信州発エネルギーシフトを学ぶ

 10月3日、オルタナテブ生活館にて「21 世紀の学校Vision」講座(生活クラブ神奈川、神奈川ネット共催)が開催されました。
 第1部では、田中信一郎(地域政策デザインオフィス代表理事)さんから「地域のエネルギー戦略はこう作る」と題したお話を伺いました。
まず紹介されたのは、長野県の建築物環境エネルギー性能・自然エネルギー導入検討制度。市民が光熱費を考慮して住宅を選べる仕組みです。
長野県は「環境エネルギー性能が良い家は、丈夫で長持ちするうえ、冷暖房に要するエネルギー使用量が少なくなり、特に冬季の寒さが厳しい長野県では、長期的にはおトクです」と非常にわかりやすくアナウンスしています。

 省エネルギー基準を満たす新築住宅は全国平均で3〜5割程度と言われている中、長野県では81,7%(2013年度実績)の新築戸建て住宅が省エネ基準をクリア!自然エネルギー設備の導入率も37,3%とのこと。制度導入の効果がバッチリ出ています。
 建築主が、価格が高くても「燃費のいい家」を選ぶことで地元工務店も潤います。機密性・断熱性の高い住宅は急激な温度変化が生じないため、ヒートショックなどが起こりにくく、結果的に医療や介護にかかる費用の抑制にも資するのだと田中さんは言います。
 県内の家電販売店に対しても「統一省エネラベル」の提出を義務化する条例を制定、ここにも省エネ意識を浸透させる仕組みが見られます。ちなみに、統一省エネラベル」の提出を義務化する条例は東京都を含む11都道府県で制定されていますが、神奈川県は未制定。これはどうしたことか。ぜひ条例制定を働きかけたい。
他にも、世田谷区と連携し信州産自然エネルギーを世田谷区の保育園に供給する事業も紹介いただき、地域経済が潤うエネルギー政策がどのように生まれ実行されているのか、わかりやすくお話しいただきました。

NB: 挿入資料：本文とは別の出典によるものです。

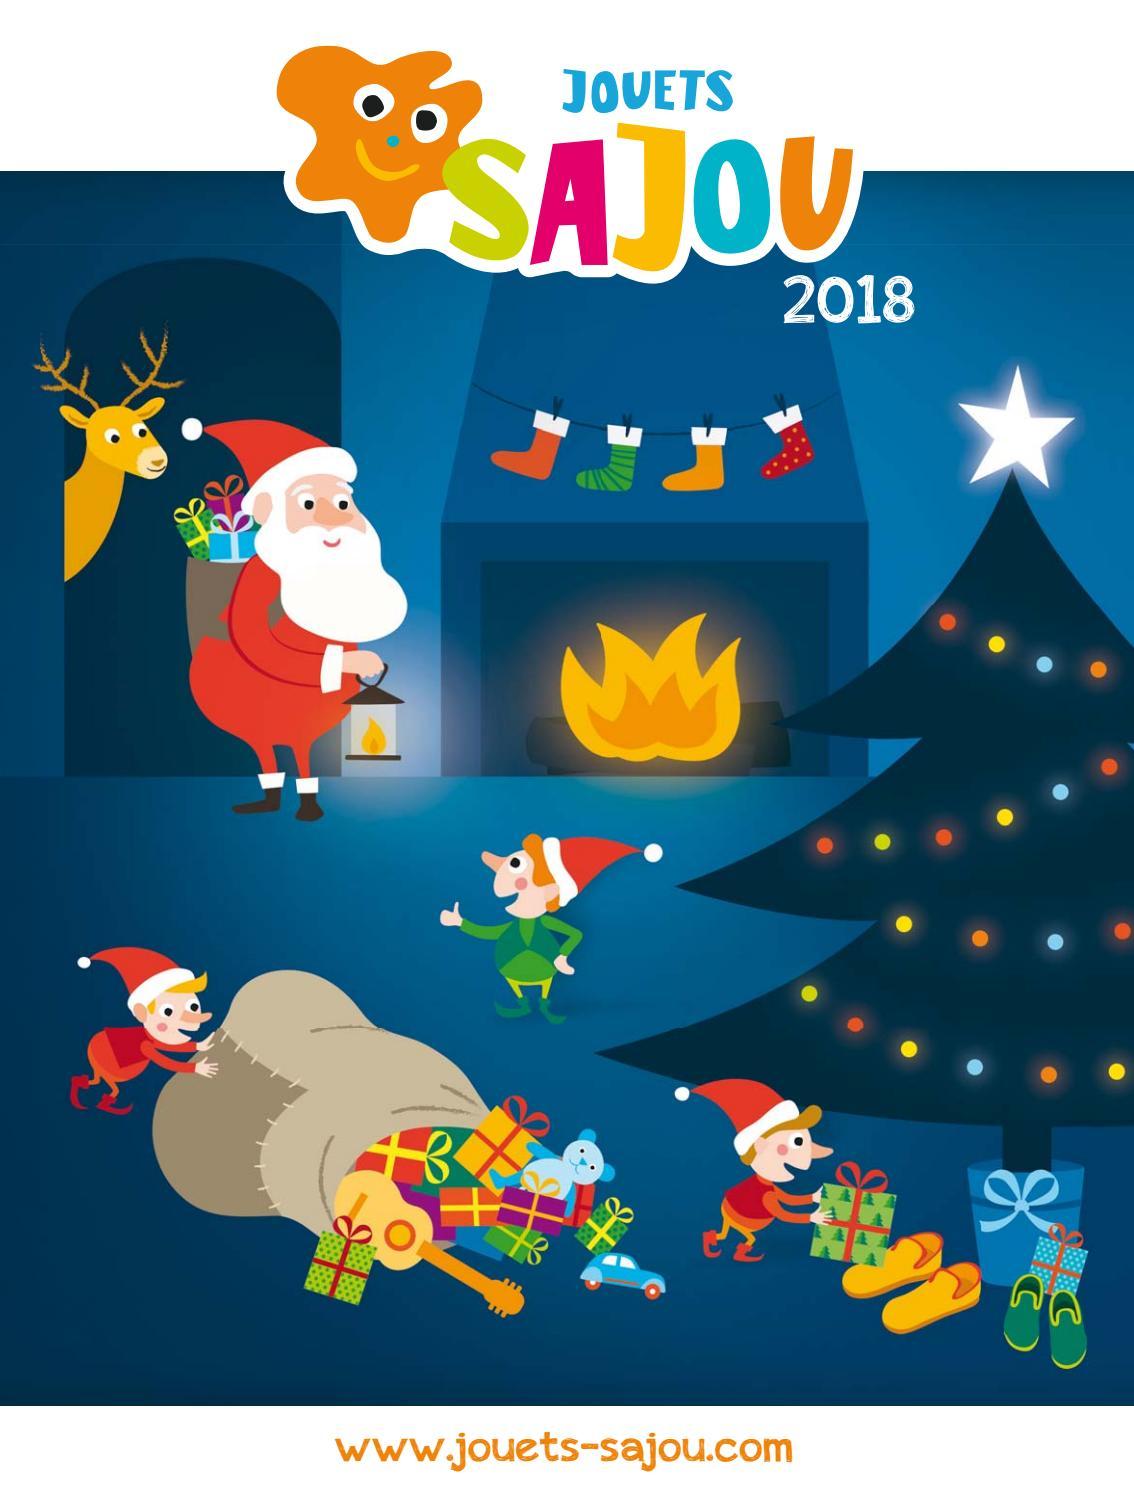 Jouets Noël By Yvernault Sajou 2018 Issuu Catalogue TPkXOZiu

 第2部は、大磯エネシフト理事長、岡部幸江さんから、「3万人の町からエネルギーシフト」をかかげて、安全で持続可能な自然エネルギーにこだわり、市民参加型の発電や省エネルギーを進めて来られた活動についてお話しいただきました。
住民の運動で、「大磯町省エネルギー及び再生可能エネルギー推進条例」も制定。条例には、「地域の再生可能エネルギーは地域のもの、地域で得られた利益は地域に還元する」という理念が謳われています。
「原発に依存した社会から転換するためには、立場を超えて賛同を得られる前向きなメッセージを発していくことだ」という大磯エネシフトの基本姿勢は、この条例にしっかりと息づいていると感じます。身近な地域の実践に励まされました。